- **YOUR OBJECTIVE**
Pictures aside, the output must consist of the lines from the one containing "すでにお安く出品していますしMacBook Pro 2019" through the end of the data, reproduced exactly.

- **PROVIDED DATA**

|---|

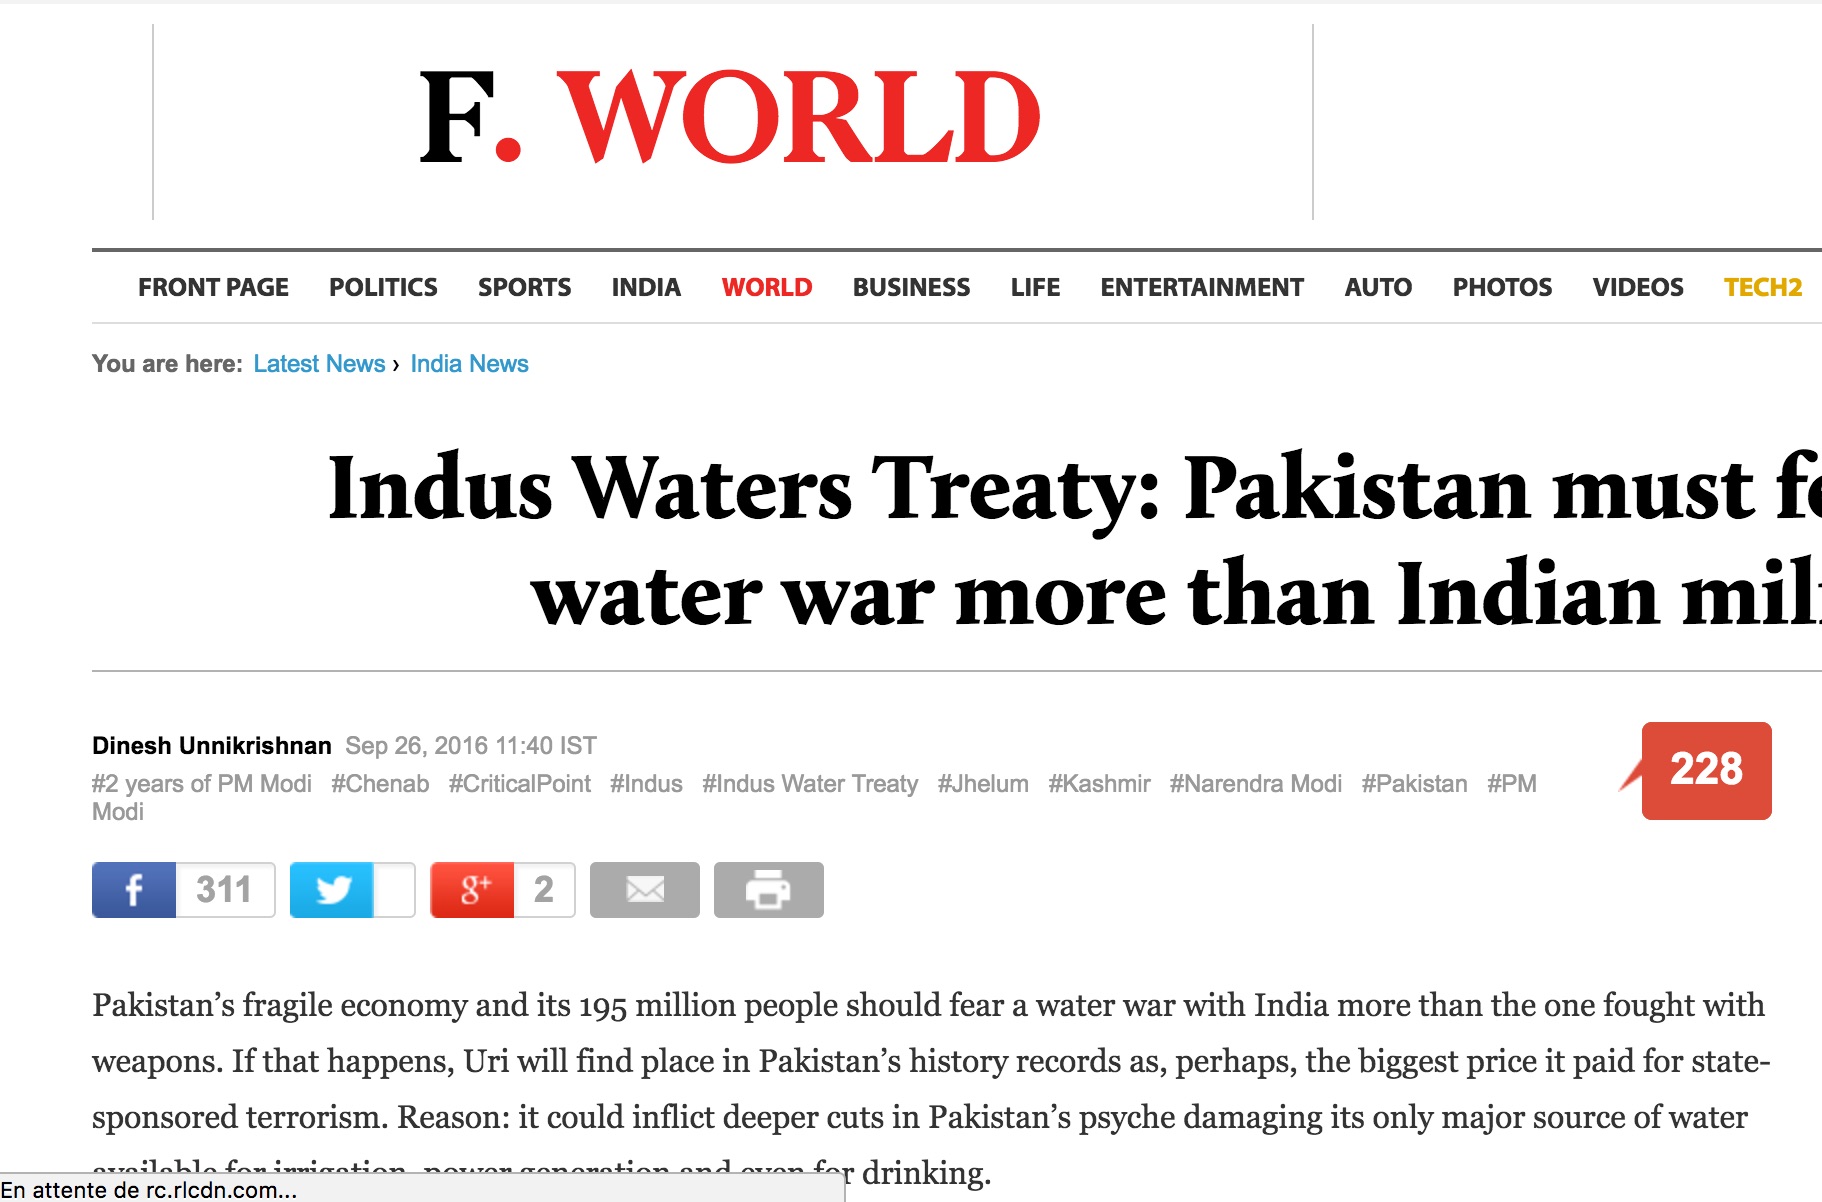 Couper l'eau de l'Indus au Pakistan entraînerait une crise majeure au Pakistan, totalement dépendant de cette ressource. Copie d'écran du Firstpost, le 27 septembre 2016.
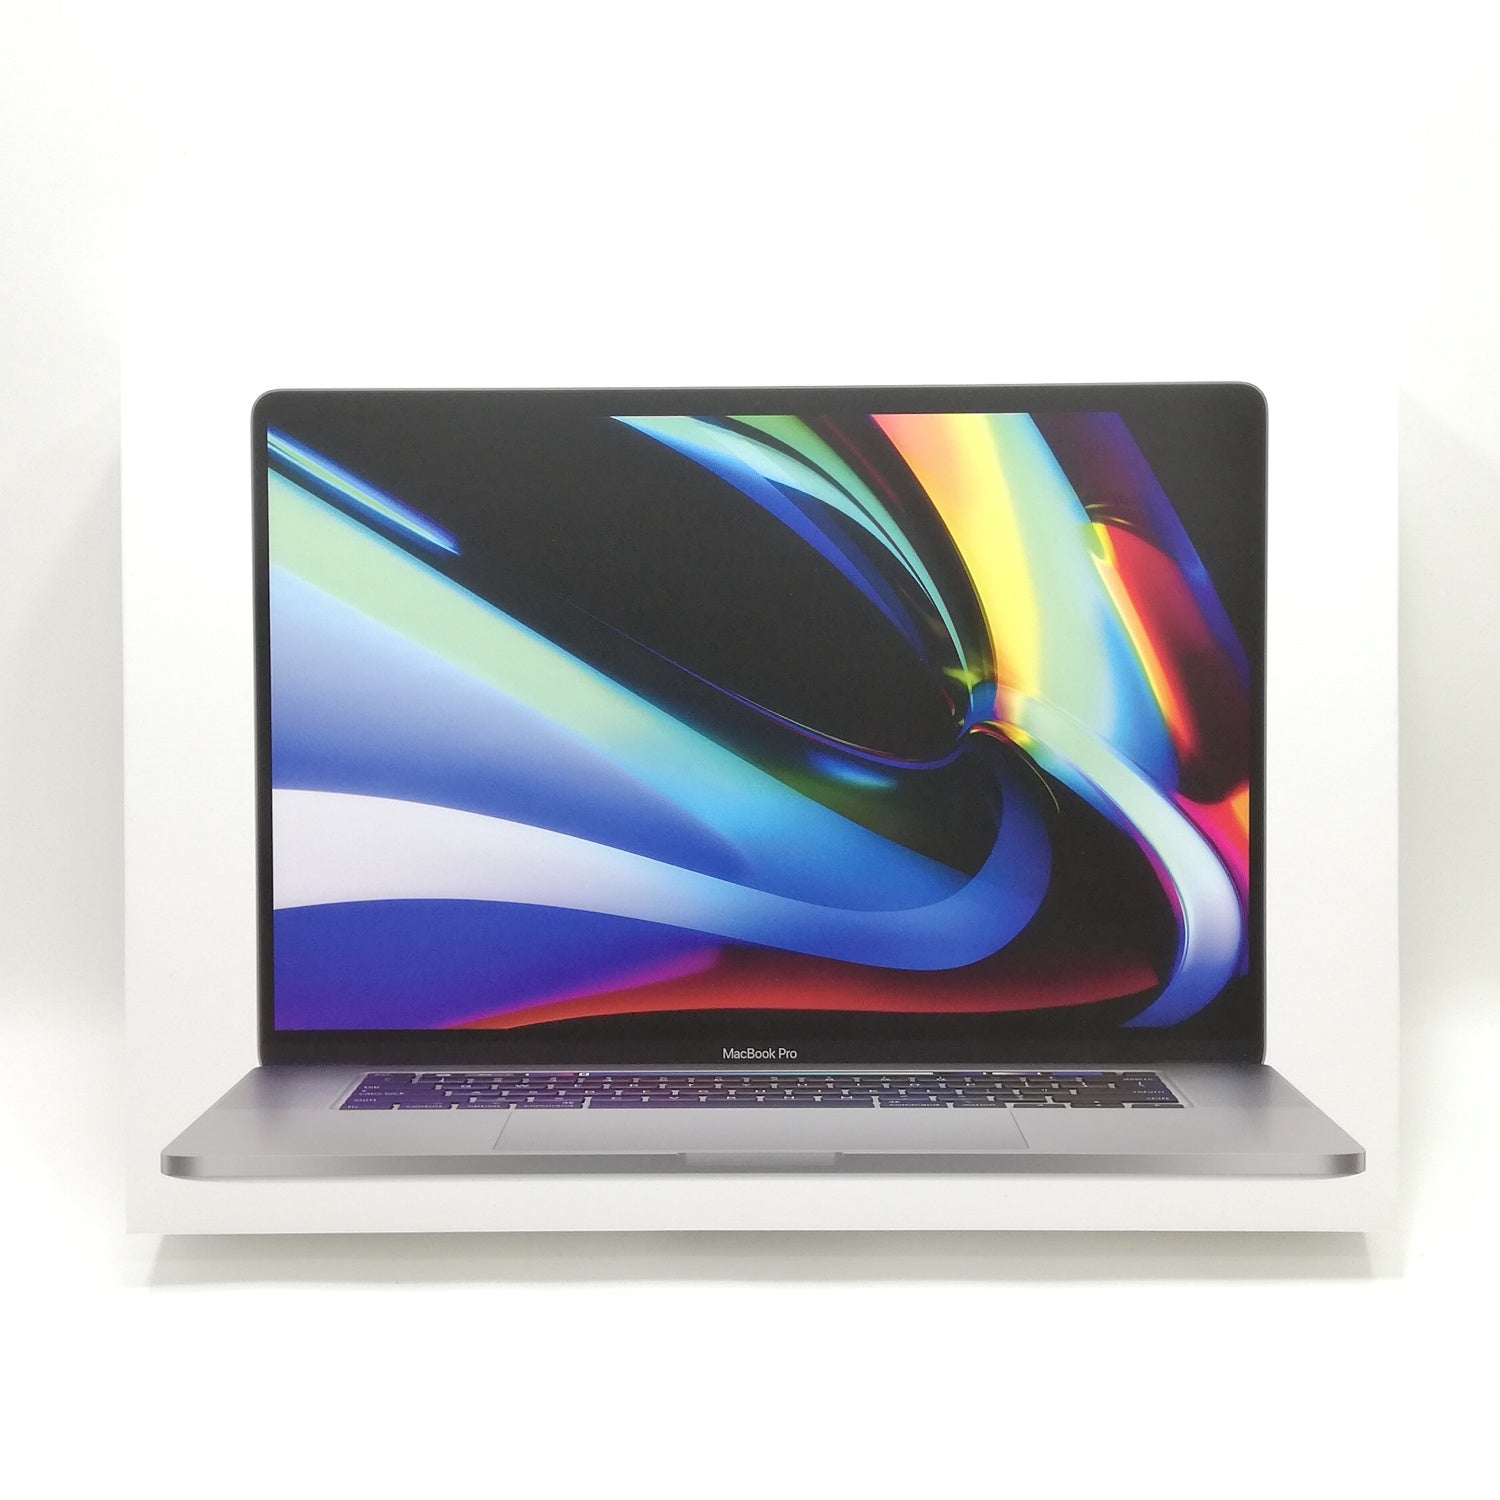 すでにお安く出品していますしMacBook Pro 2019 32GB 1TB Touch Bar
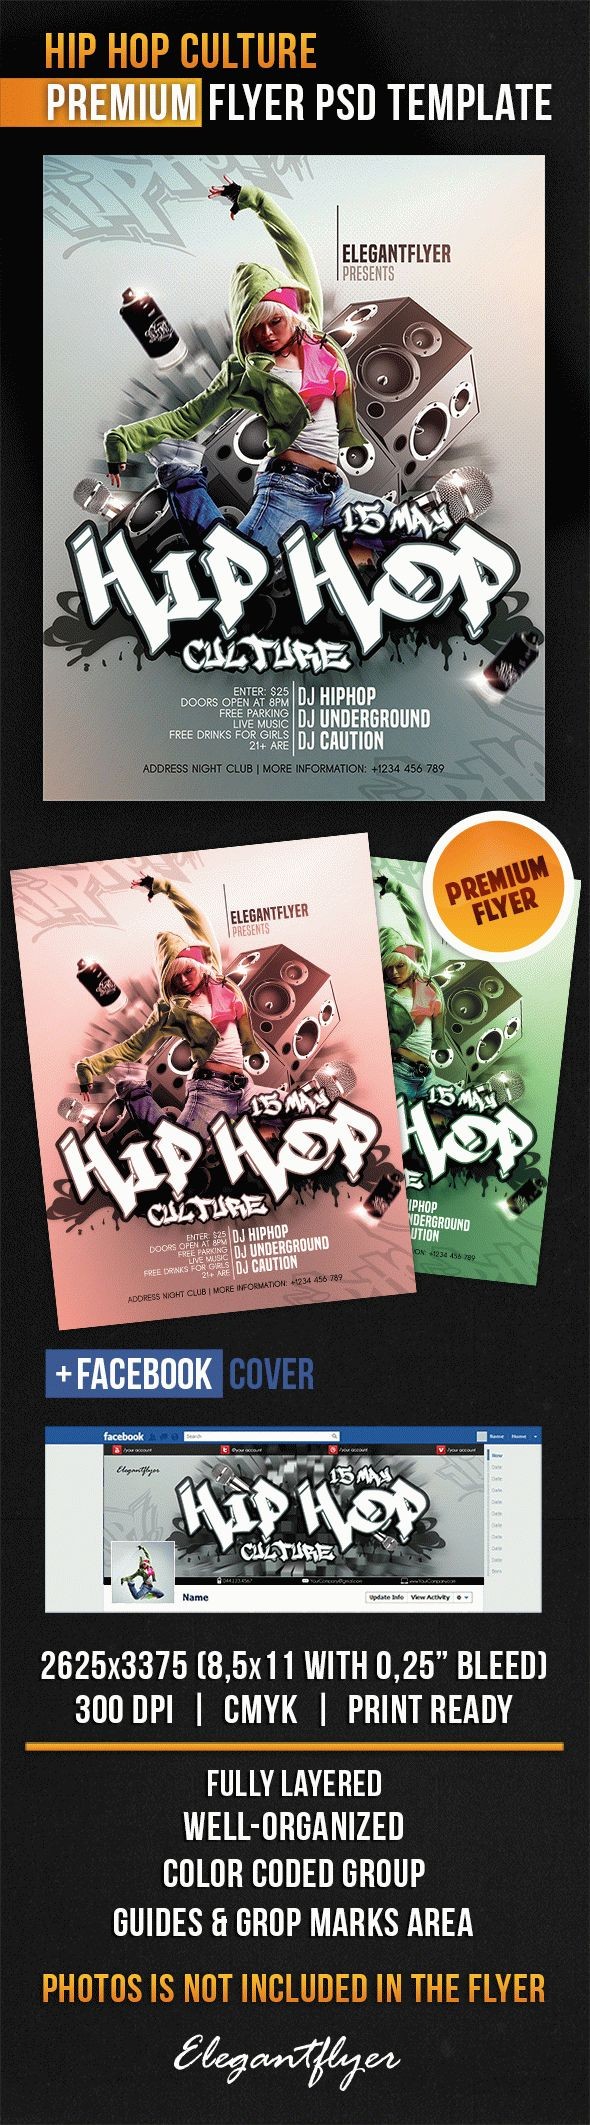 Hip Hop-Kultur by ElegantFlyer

|---|

- **SOLUTION BELOW**
 すでにお安く出品していますしMacBook Pro 2019 32GB 1TB Touch Bar
 Hip Hop-Kultur by ElegantFlyer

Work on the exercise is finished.